Только 29 июля 1924 года он наконец смог выехать к жене в Тайцы, получив несколько давно обещанных гонораров.

По возвращении в Москву он опять упорно ищет работу. «Никогда еще я не смотрел вперед с таким бодрым удовлетвореньем»,– сообщает он Мандельштаму 19 сентября, а десять дней спустя жалуется Ольге Фрейденберг: «Перестал понимать, что значит писать». Настроения у него менялись стремительно – и зависело это от новых обещаний и обманов. Вот пообещали издать «Алхимика» Бена Джонсона в его переводе – не издали. Вот посулили новые переводы… или аванс… или издание книжки прозы… Советская жизнь была в это время царством вопиющей неразберихи, в которой только идеалисты вроде Пастернака могли надеяться на совесть или закон; вот почему, вероятно, он даже несколько обрадовался, когда в начале тридцатых все это вошло в колею и устаканилось, пусть и в страшной, чреватой террором форме. Его кратковременное союзничество с государством диктовалось отвращением к временам, когда государства вообще не было и каждый был предоставлен сам себе – это Пастернаку одинаково претило в девятнадцатом и двадцать четвертом. Поисками верного заработка в это время было занято все его воображение, и тут подвернулся долгожданный случай.

 
Нашелся друг находчивый и рьяный.
Меня без промедленья привлекли
К подбору иностранной лениньяны.
(«Спекторский»)
 

Рьяным другом был Яков Черняк, и Пастернак получил работу в библиотеке. Черняк был из тихих ангелов-хранителей, которые сопровождали его всю жизнь: он работал в «Печати и революции», опубликовал там восторженную рецензию на «Сестру мою жизнь», и это послужило толчком для знакомства. Говоря о пастернаковских стихах, Черняк отметил «пушкинскую ясность и простоту формы», чем подкупил автора больше, нежели всеми прочими комплиментами. Пастернак стал заходить в редакцию «Печати и революции», а Черняк с молодой женой Елизаветой – бывать у него. Когда в том же двадцать втором Лиза Черняк тяжело заболела и надо было прикладывать лед, а в аптеках его не было,– Пастернак подучил Яшу воровать его во дворе Института мозга, который советская власть оперативно создала, надеясь изучить тайны умственной деятельности великих людей. В подвале института мучили подопытных собак, их вой был невыносим,– Пастернак и Черняк всегда старались быстрее уйти оттуда, и оба заметили друг за другом эту обостренную чувствительность к страданию; другого пароля им не надо было.
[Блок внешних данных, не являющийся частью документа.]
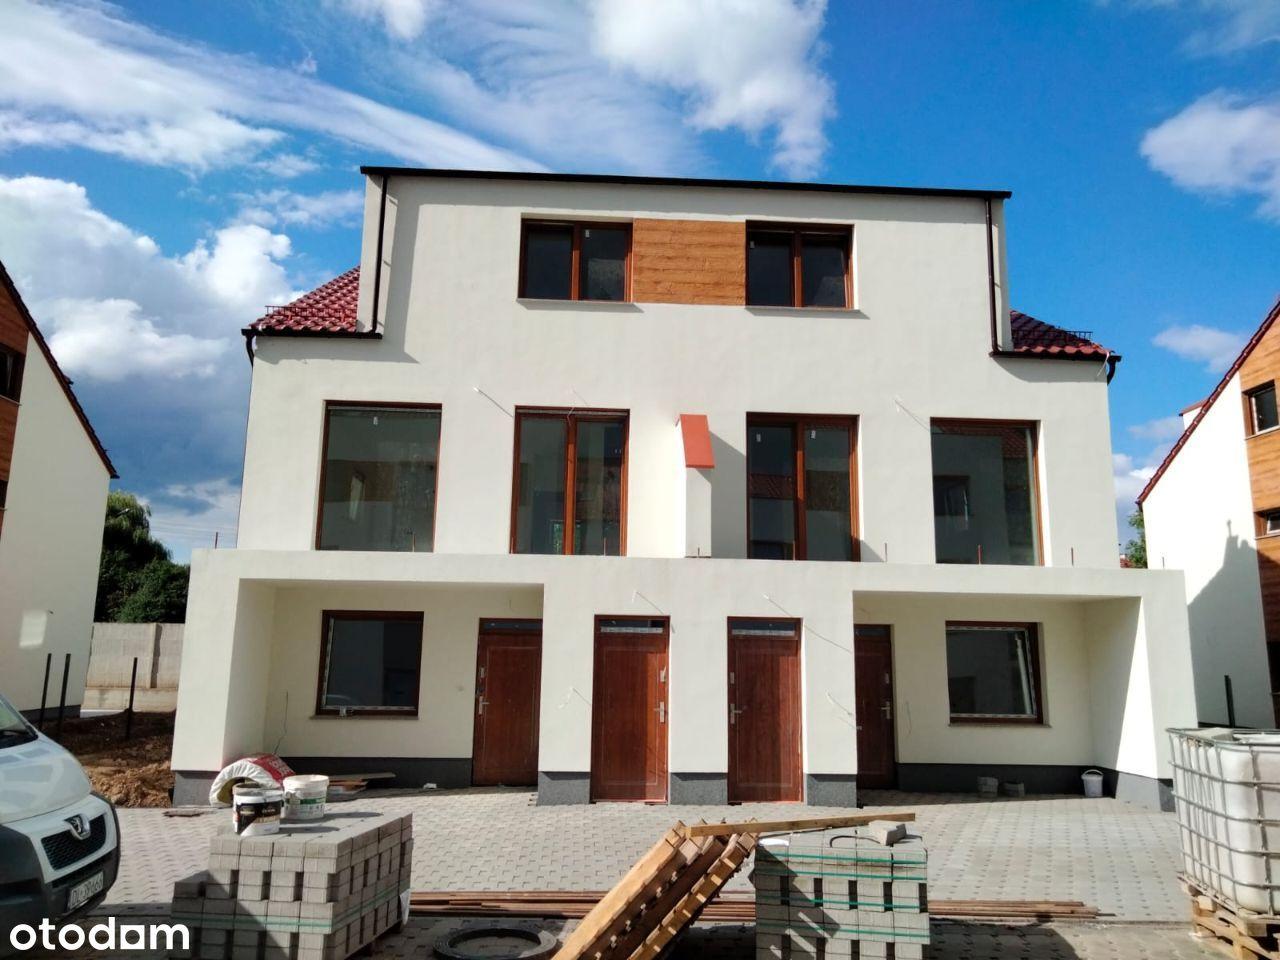 NOWE mieszkanie w DOMKU OGRÓD parking w CENIE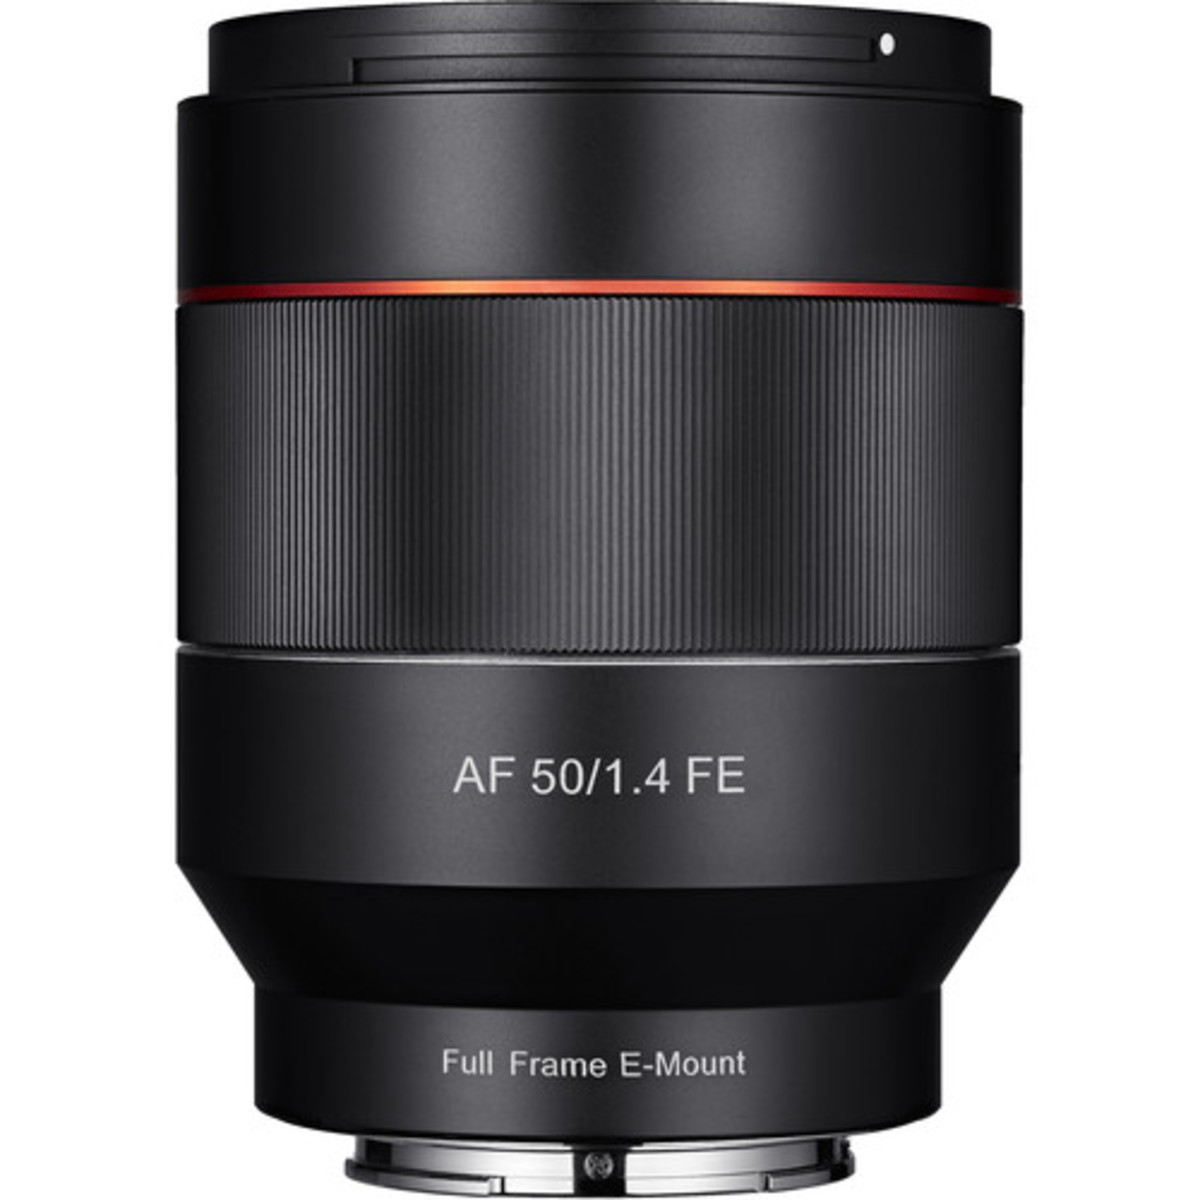 Samyang AF 50mm f/1.4 FE Lens - [For Sony E] (Parallel imported)

В 1924 году Черняк стал заниматься «подбором иностранной лениньяны» – иностранных откликов на смерть Ленина. Пастернак знал языки и для этой работы сгодился. Доступ к иностранной прессе в СССР был уже тогда ограничен,– и в «Спекторском» честно описаны занятия автора: «Знакомился я с новостями мод и узнавал о Конраде и Прусте». Новости мод, вероятно, его не особенно занимали, а вот Конрад и Пруст – вполне, про обоих он восторженно напишет Цветаевой. За работой он лишний раз убедился, что, при всем европейском комфорте, ощущения конца времен на Западе острей, чем в России – и выбор его, может быть, оправдан. Жить надо было здесь.

Институт Ленина при ЦК ВКП(б), по собственному пастернаковскому признанию в письме к Мандельштаму от ноября 1924 года, «жидоморничал». За библиографию заплатили унизительно мало. Оптимальной формой заработка на какое-то время Пастернаку представились детские стихи; тут была своя логика – писать надо то, что востребовано при любых режимах.

2

Поденщина талантливых людей всегда как-то особенно беспомощна. Насколько они одареннее и значительнее прочих в серьезной литературе – настолько же слабей и смешней своих современников в том, к чему у них не лежит душа. Но Пастернак умел разговаривать с детьми как со взрослыми – и у него получилось.

На детскую поэзию перешла сначала его подруга, жена Сергея Буданцева, молодая поэтесса Вера Ильина, которая впоследствии будет одним из прототипов Марии из «Спекторского». Ильина тиснула детскую повесть в стихах «Шоколад». Пастернак написал «Карусель» и «Зверинец» – два вполне приличных длинных стихотворения, из которых, однако, ясно, до какой степени все это ему поперек души. «Он наделен каким-то вечным детством»,– сказала про него Ахматова, но это касается лишь его детской чистоты и непосредственности; в остальном, как справедливо отмечает Вл. Новиков в эссе «Детский мир», Пастернак был гораздо взрослее большинства современников – сложнее, внимательнее, вдумчивее. Если Маяковскому для агитационных или детских стихов не требовалось делать над собой никакого усилия (он сразу плюхался в родную стихию наивной яркой живописи и лобовых выводов) – Пастернаку было куда трудней.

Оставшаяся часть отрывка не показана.